◆ **COLLECTED MATERIAL**:
========================================================================

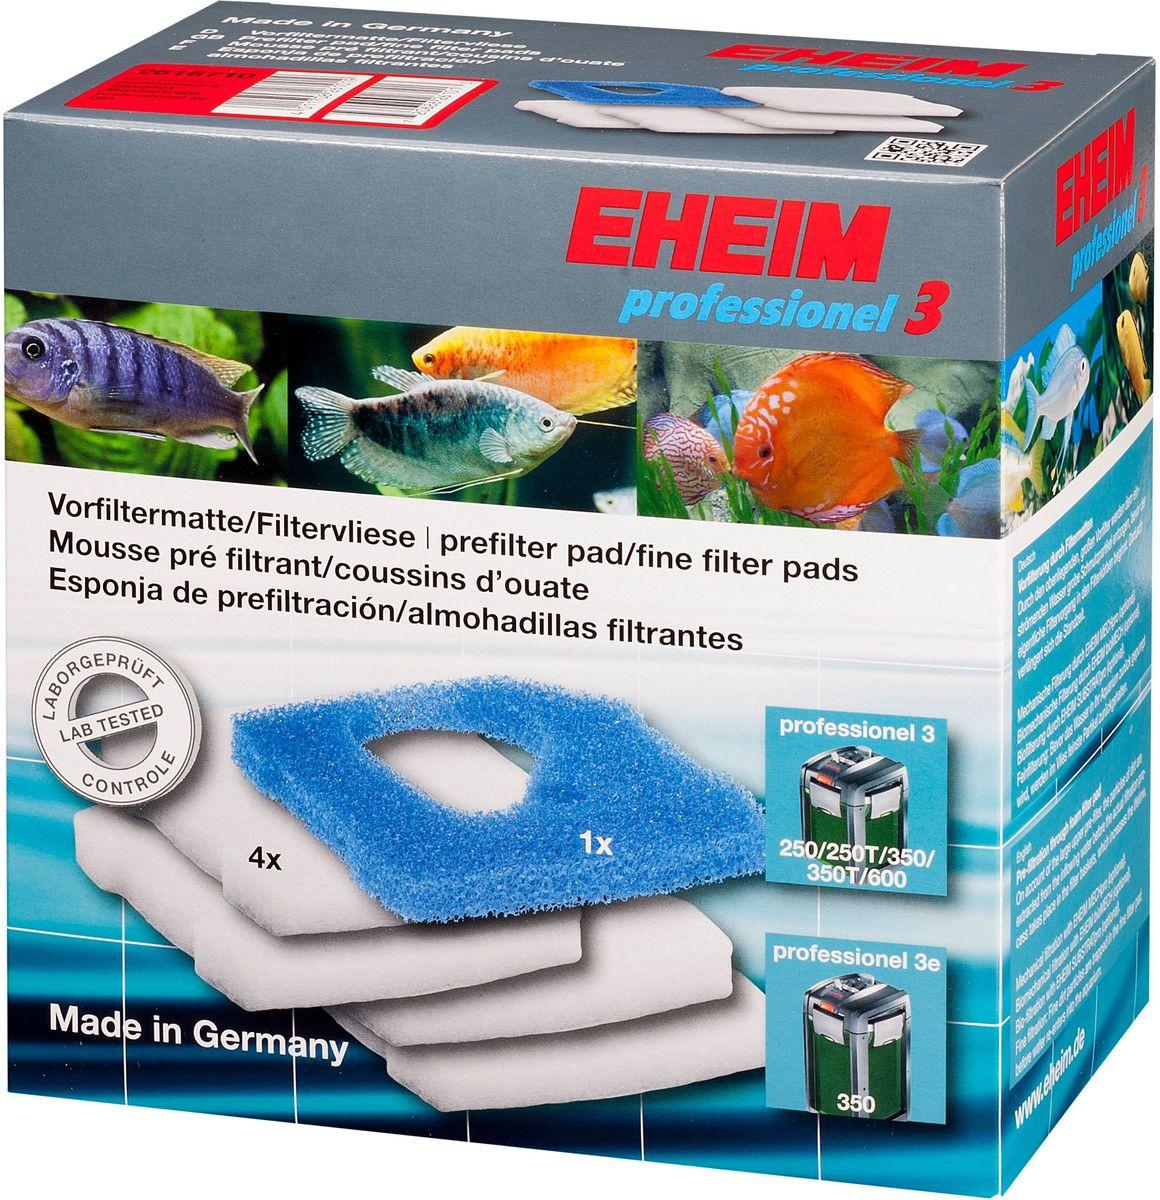 Наполнитель для фильтра Eheim Professionel 3 250/350/600, 5 шт2616710Набор фильтрующих губок для фильтра PROFESSIONEL 3.. В набор входят: 1 губка из поролона для префильтра и 4 синтепоновые губки тонкой очистки.
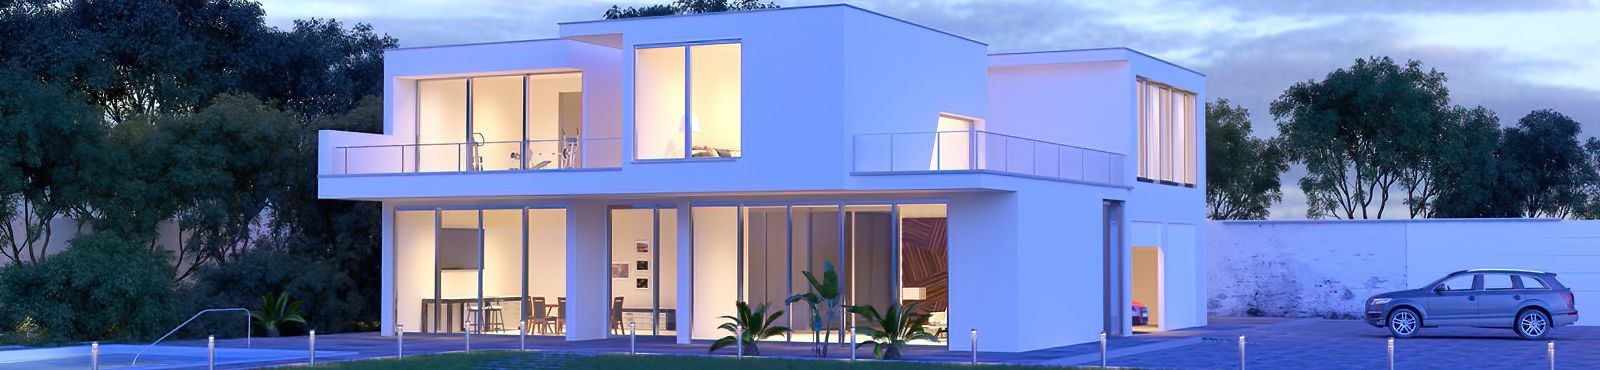 architec studio 3d
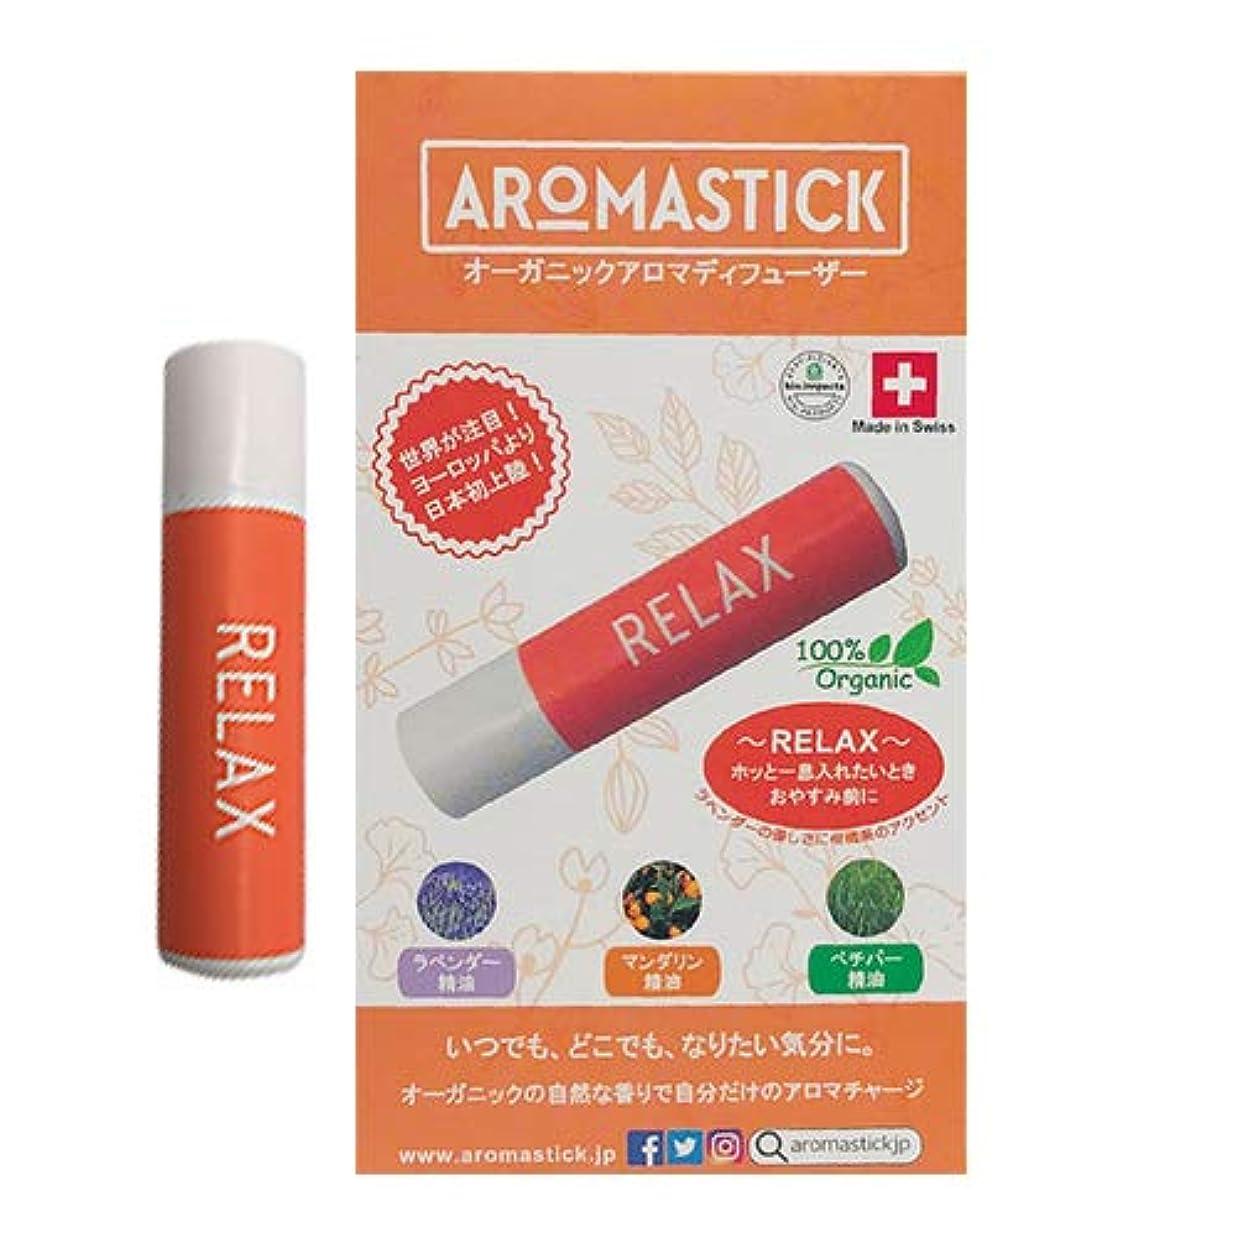 皮肉な棚スポーツをするオーガニックアロマディフューザー アロマスティック(aromastick) リラックス [RELAX]

========================================================================

◆ **PROBLEM TO SOLVE**: Copy out the material exactly as it stands, though no picture should appear in the copy.

◆ **OUTPUT FOR THIS EXERCISE**:
 Наполнитель для фильтра Eheim Professionel 3 250/350/600, 5 шт2616710Набор фильтрующих губок для фильтра PROFESSIONEL 3.. В набор входят: 1 губка из поролона для префильтра и 4 синтепоновые губки тонкой очистки.
 architec studio 3d
 皮肉な棚スポーツをするオーガニックアロマディフューザー アロマスティック(aromastick) リラックス [RELAX]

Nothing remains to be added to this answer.